En cambio, la satisfacción plena, el sufrimiento más dulce, lo está pedaleando ante toda esa gente cuidadosamente arremolinada junto a él. La afición vasca que grita “Murias". Que quizás aún no saben que se llama Cyril. Puede que desconozcan que corre en un equipo de la tierra animado por los consejos de Romain Sicard, que también fue francés en tierra de vascos.
Pero, sobre todo, porque, un día, André, su padre, dio un volantazo a su vida. Anticipó que su futuro debía de transcurrir al otro lado de la frontera, del lado vasco. Porque lo llevó a ojos de Azanza.
“Allez Cyril", grita André. Su hijo ya no puede oírle. Tras coronar primero en Jaizkibel, el ritmo de carrera le apartará definitivamente en favor de los hombres que vienen de correr el Tour. Al ser sobrepasado por los favoritos sonríe al ver a Julien Alaphilippe, al que admira.

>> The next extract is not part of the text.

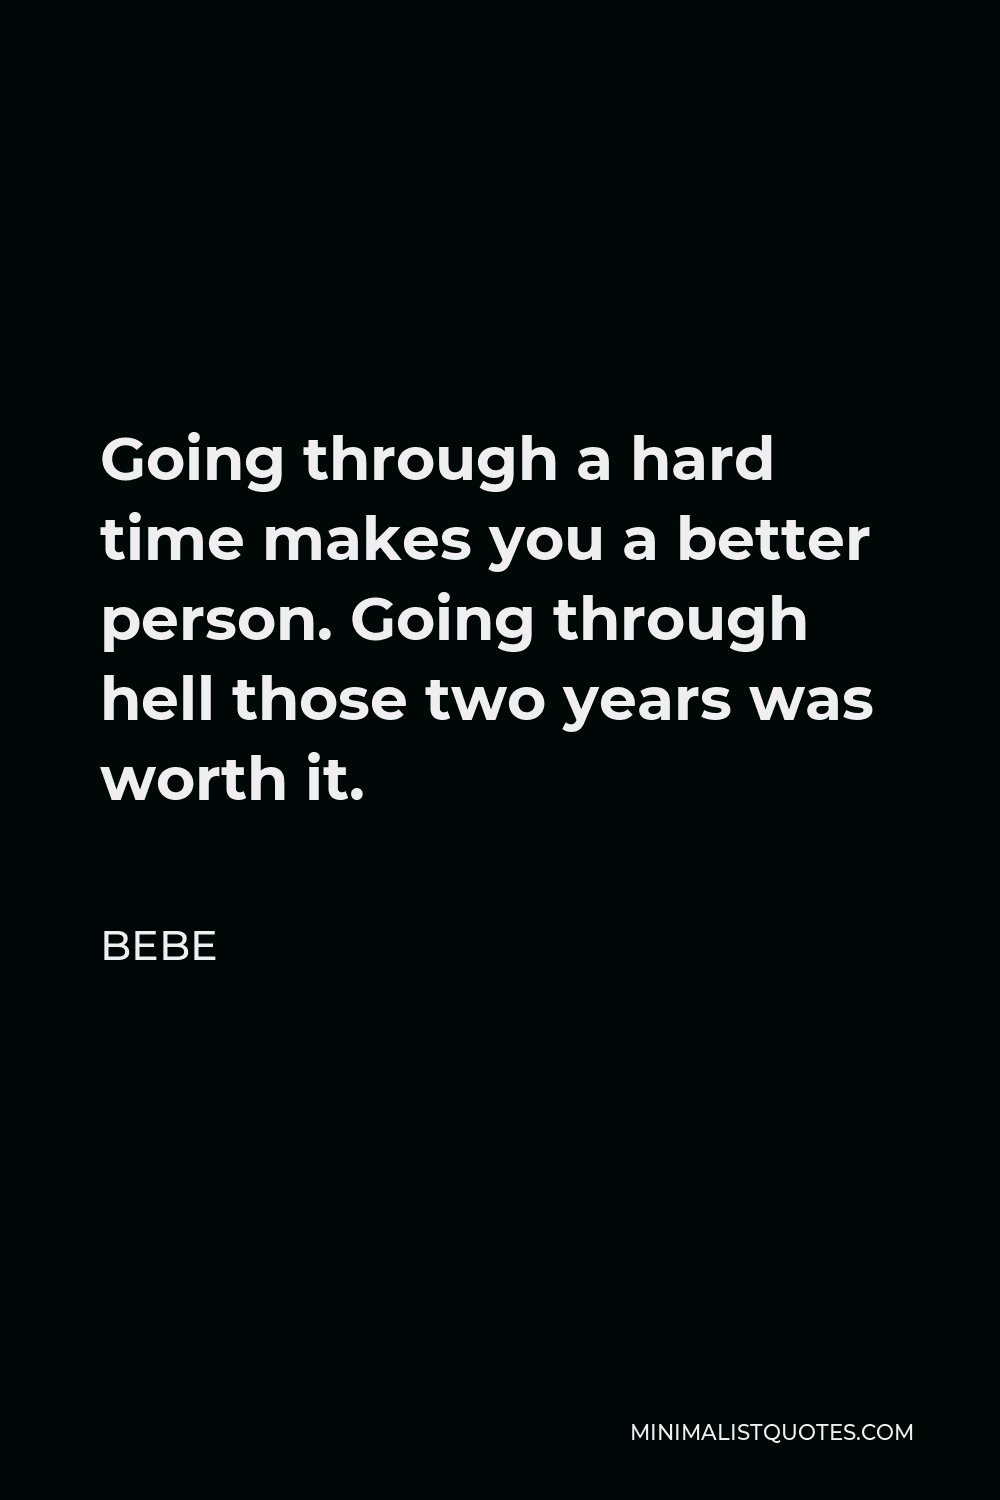 Bebe Quote - Going through a hard time makes you a better person. Going through hell those two years was worth it.

La carrera le reserva un hueco de protagonismo. Eterno. Tras cruzar la línea de meta, a varios minutos de su compatriota, subirá al podio. En varias ocasiones: Líder de la montaña, de los esprints y, el más especial. Premio al hombre más combativo. Ese calificativo también le corresponde a André. Fue valiente al dar ese volantazo.